Auto Blog System 🤖✍️

A fully automated, AI-powered blogging platform built with Laravel 12.x, Livewire, and Tailwind CSS. The system autonomously scrapes trending topics, generates research-backed content using a redundant AI architecture (Gemini + Hugging Face), enhances it for SEO, and publishes daily posts.

🌟 Features

Automated Content Generation:
- Scrapes trending topics from Google Trends and Wikipedia.
- Dual-AI Architecture:
  - Primary: Google Gemini 1.5/2.0 Flash for optimization, humanization, and HTML formatting.
  - Secondary: Hugging Face (GPT-Neo 1.3B) for initial drafts and fallback generation.
- Unique Thumbnails:
  - Deep content analysis (2000 chars) + Entity Extraction (10+ patterns like "iPhone", "AI", "Trains").
  - Smart Redundancy: Gemini 2.0 Flash (SVG analysis) → Hugging Face FLUX.1 (WebP generation) → Category Fallback.
  - Uniqueness validation (80% similarity threshold) to prevent generic images.
- Generates structured content with H1-H6 headings, paragraphs, and tables.
- Auto-extracts tags and meta descriptions.
  - SEO & AISEO Enhanced:
  - E-E-A-T Optimized: AI Prompts engineered for Expertise, Experience, Authoritativeness, and Trustworthiness.
  - Smart External Linking: Auto-validates and inserts 2-4 authoritative dofollow links (e.g., Wikipedia, IEEE).
  - Keyword Research: Integrates 1 Primary and 2-3 Long-tail keywords (1-2% density) with Q&A optimization for AI Overviews.
  - Intelligent Internal Linking: Contextually links 3 related blogs to improve crawl depth.
  - Optimized Meta: AI-generated Meta Titles and Descriptions.
  - Sitemap Automation: BlogObserver auto-regenerates sitemap.xml on create/update/delete.
- Smart Title Sanitizer: Automatically detects and fixes malformed HTML entities (e.g., ’ → ’) in titles and identifying duplicate topics.
Smart Scheduling:
- Publishes 5 blogs daily on a randomized schedule.
- Ensures minimum 3.5-hour gaps between posts.
- Prevents duplicate topics within a 30-day window.
Modern UI/UX:
- Built with Tailwind CSS and Livewire.
- Responsive, mobile-first design.
- Dynamic Table of Contents (TOC).
- Clean reading mode with related posts.
SEO Optimized:
- Automatic Meta Title & Description generation.
- OpenGraph tags for social sharing.
- Automatic Meta Title & Description generation.

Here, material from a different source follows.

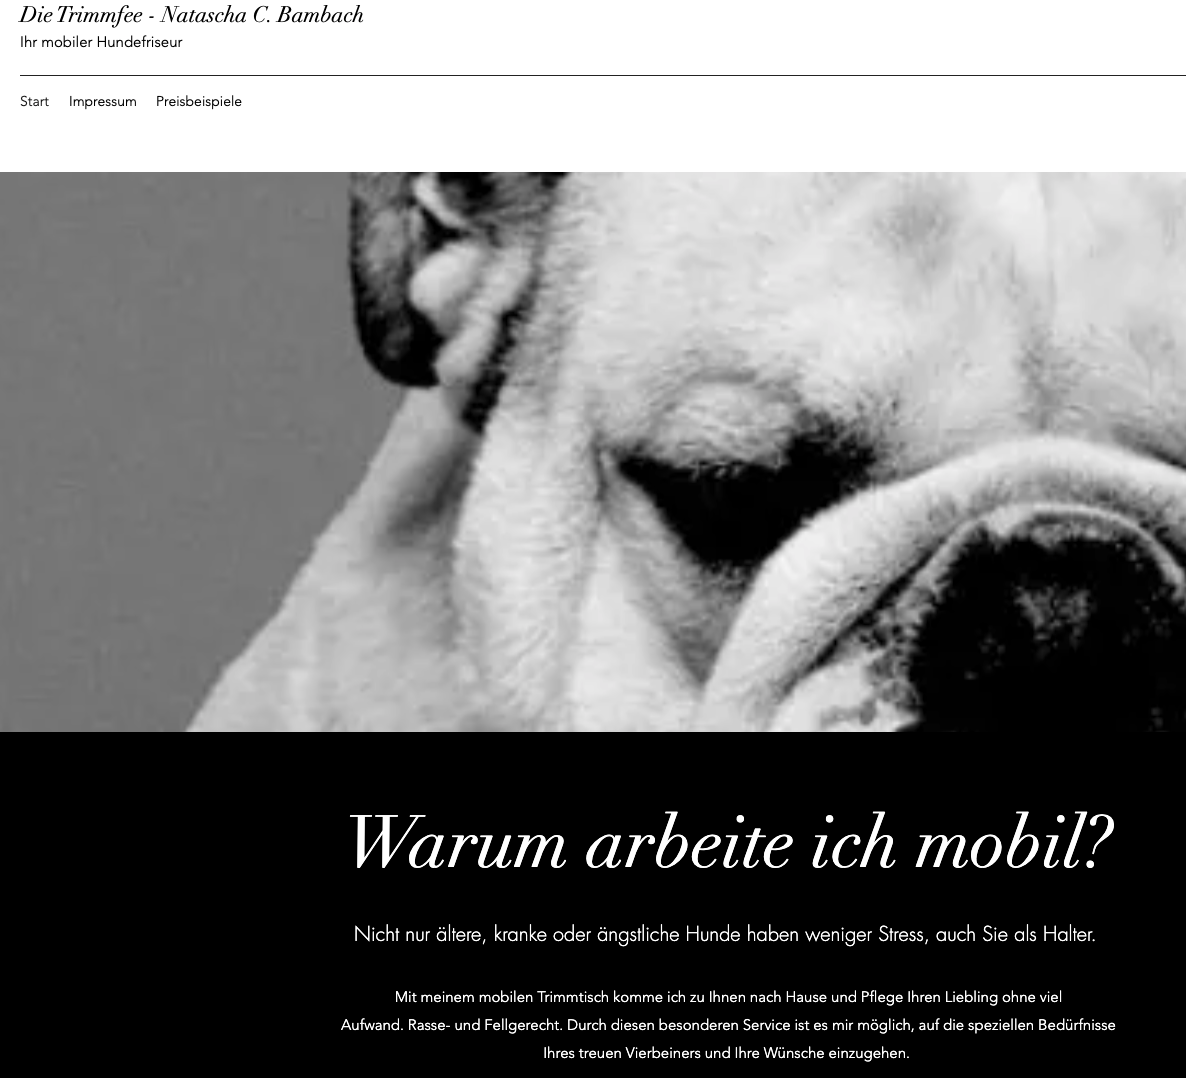 Die Trimmfee der mobile Hundefriseur in Frankfurt

- OpenGraph tags for social sharing.
- Dynamic XML Sitemap: spatie/laravel-sitemap integration for robust handling.
- robots.txt configuration.
- Keyword density optimization and Internal Linking.

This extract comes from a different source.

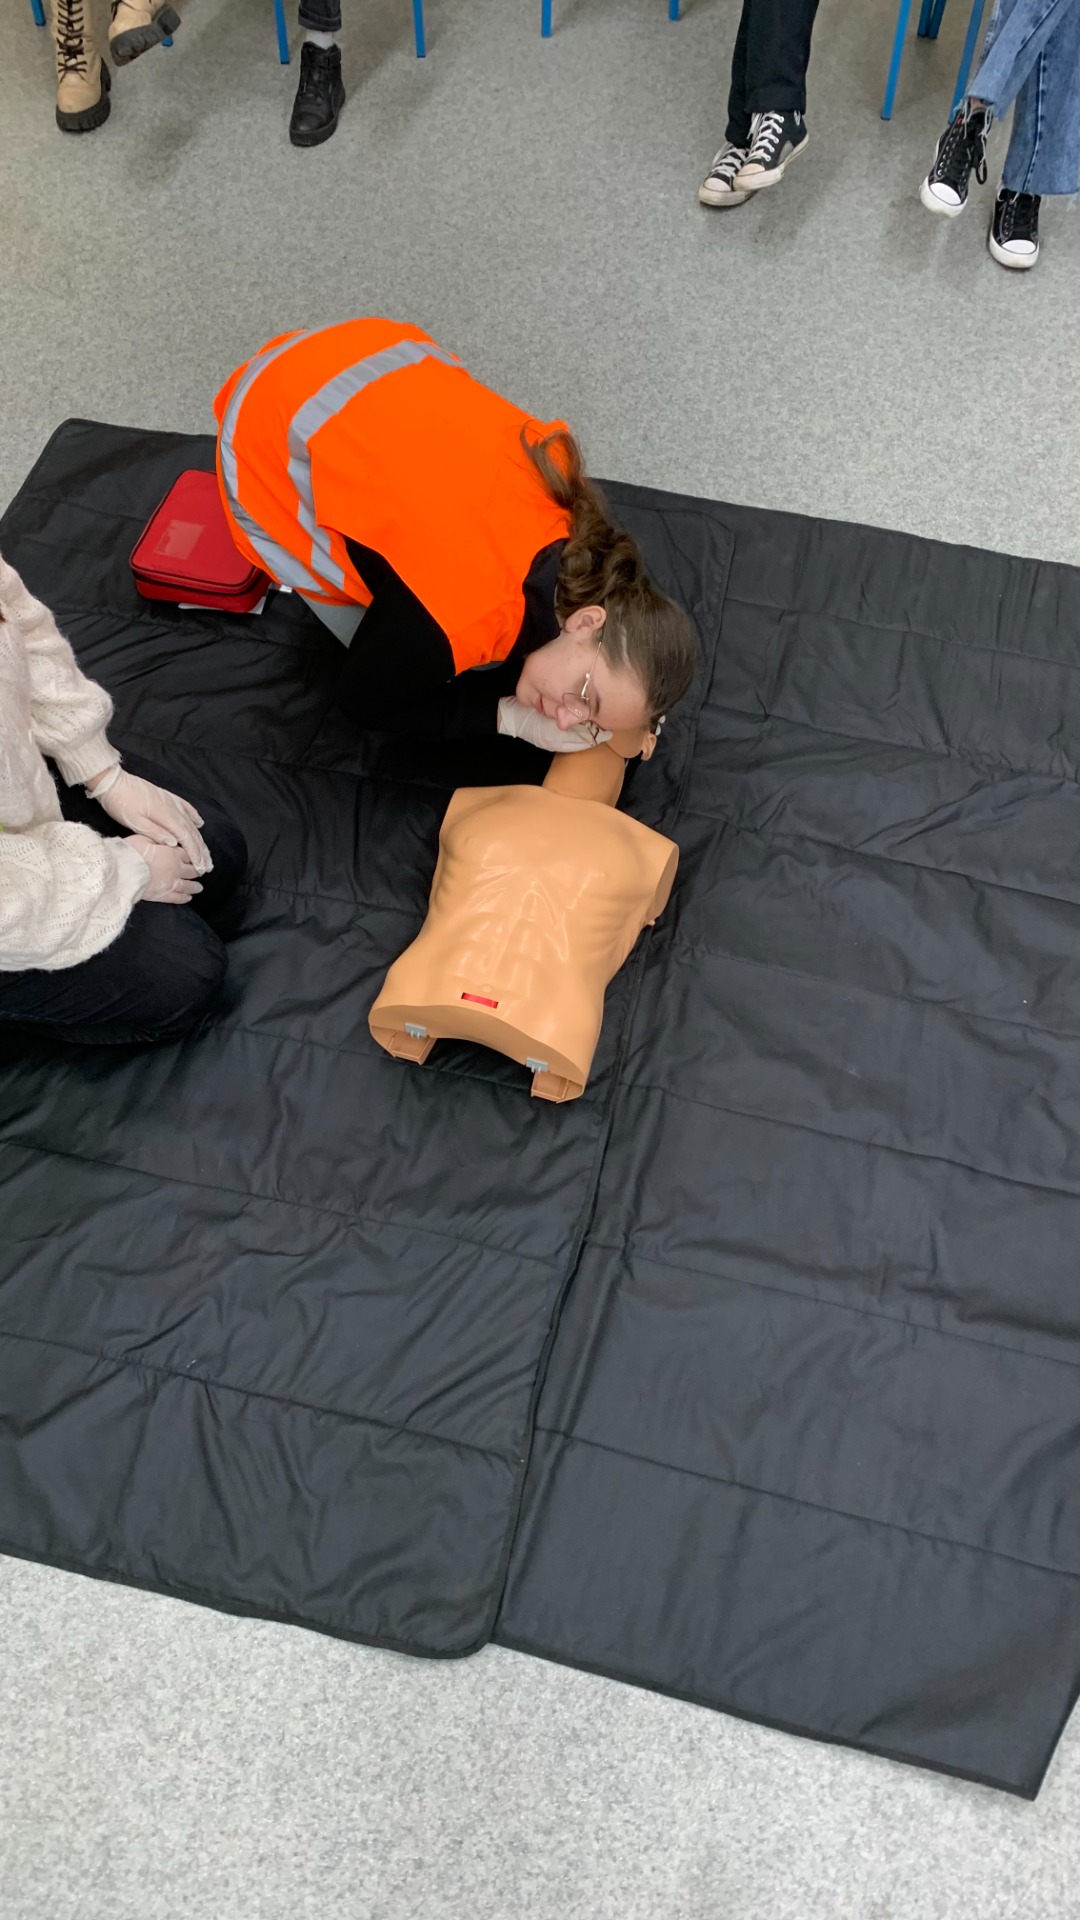 Uczniowie ćwiczą udzielanie pierwszej pomocy

Professional Analytics Dashboard:
- Detailed Tracking: Records IP, User Agent, Referer, and Country (IPv4/IPv6 support).
- Visual Insights: 30-Day View Trend Line Chart.
- Demographics: Top Locations table with country flags.

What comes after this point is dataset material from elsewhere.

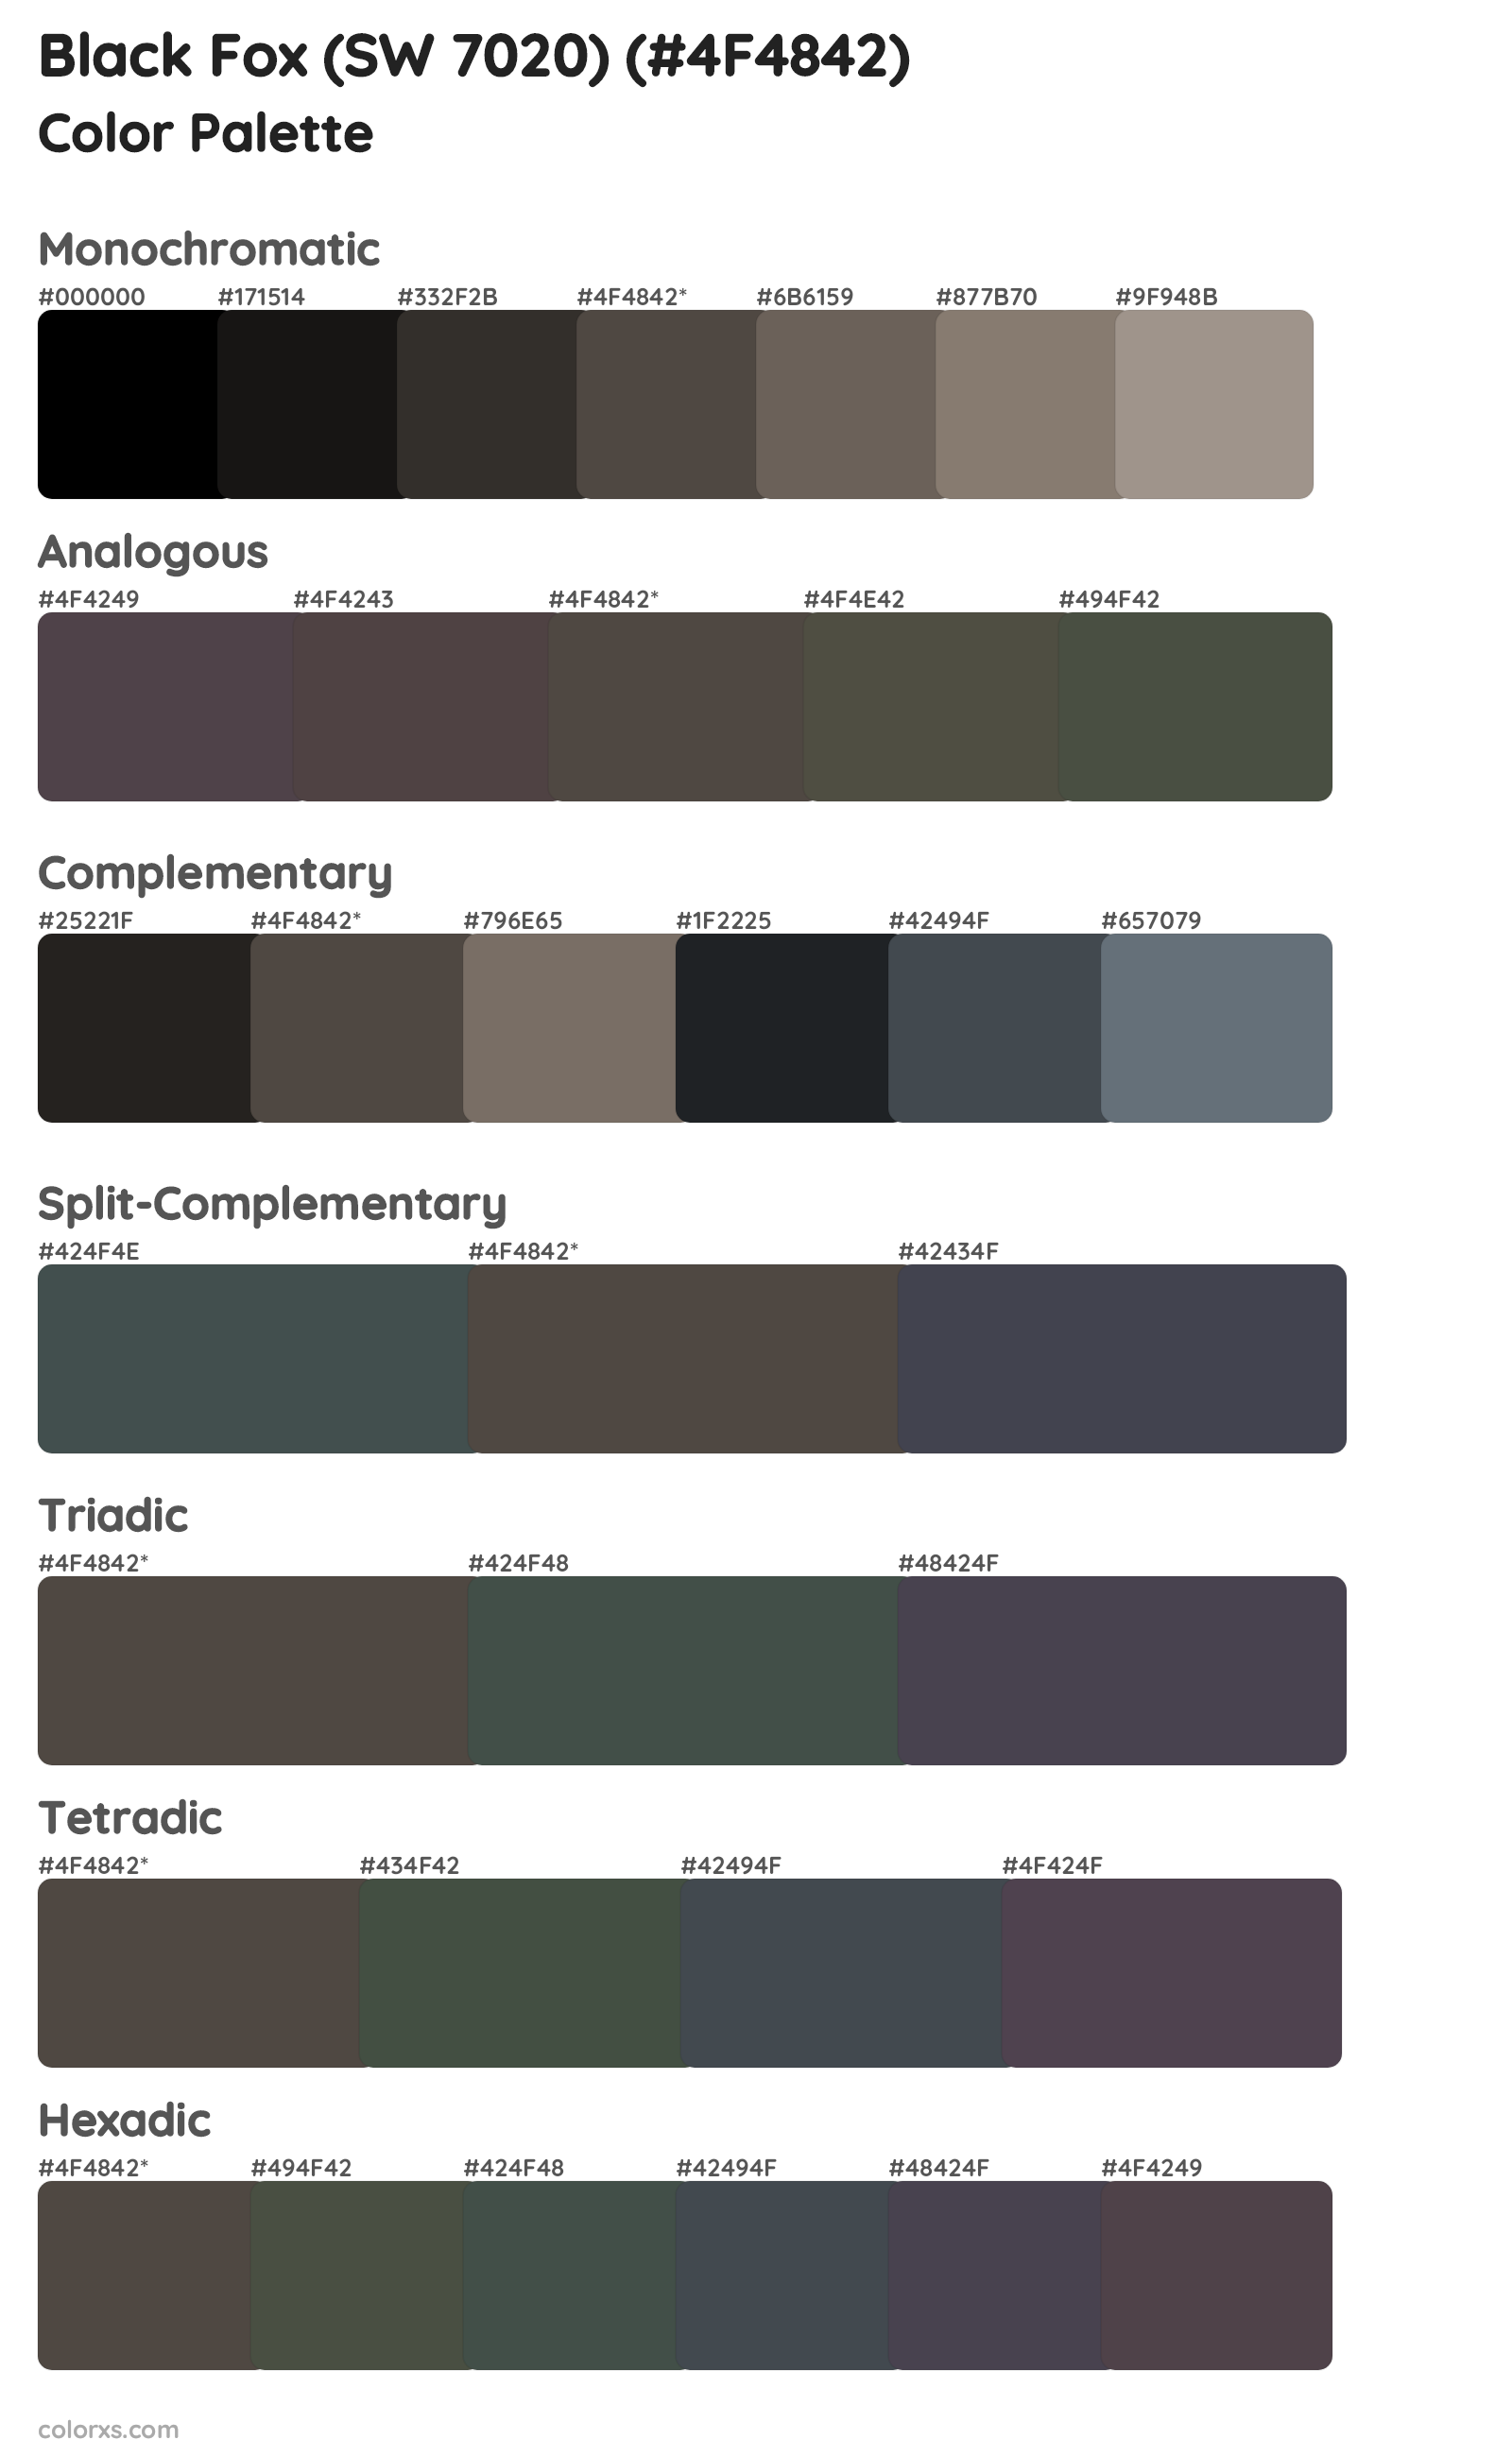 Black Fox (SW 7020) Color Scheme Palettes

- Anti-Spam: Smart session buffering to prevent duplicate view counts.
Robust Backend:
- Admin Dashboard for manual management & generation.
- Self-Healing Diagnostics: Scripts to test Cron Jobs and Queue Workers on production (see tests/scripts/).
- Daily SQLite backups with retention policy (last 7 days).
- Soft deletes for safety.
- Comprehensive error handling and email notifications.
🆕 Advanced Error Handling & Resilience (v2.0):
- Triple-Layer API Fallback:
  - Layer 1: HuggingFace Primary → HuggingFace Fallback (all models)
  - Layer 2: Gemini Primary → Gemini Fallback
  - Layer 3: OpenRouter (deepseek → mistral → hermes)
  - Exponential backoff for 429 rate limits (2^attempt seconds)
- Smart Topic Management:
  - Robust De-Duplication: Retries topic selection up to 10 times if duplicates are found.
  - Fail-Safe Fallback: Switches to static fallback topics if all RSS sources (updated for 2025) fail.
- Unified Reporting System:
  - Comprehensive email reports for Success, Failure, and Duplicate outcomes.
  - Includes execution logs, stack traces, and direct links.
- Autonomous Error Recovery:
  - Job retry with backoff delays: 60s, 300s, 600s
  - Auto-detects quota errors (402/429) and delays re-queue
🆕 API Resilience & Multi-Key Support (v3.0):
- Array-Based API Keys:
  - Support for multiple API keys per provider: GEMINI_API_KEY_ARR=["key1","key2","key3"]
  - Automatic key rotation on rate limits (429) with exponential backoff (2s, 4s, 8s)
  - Immediate skip to next key on quota exceeded (402/403)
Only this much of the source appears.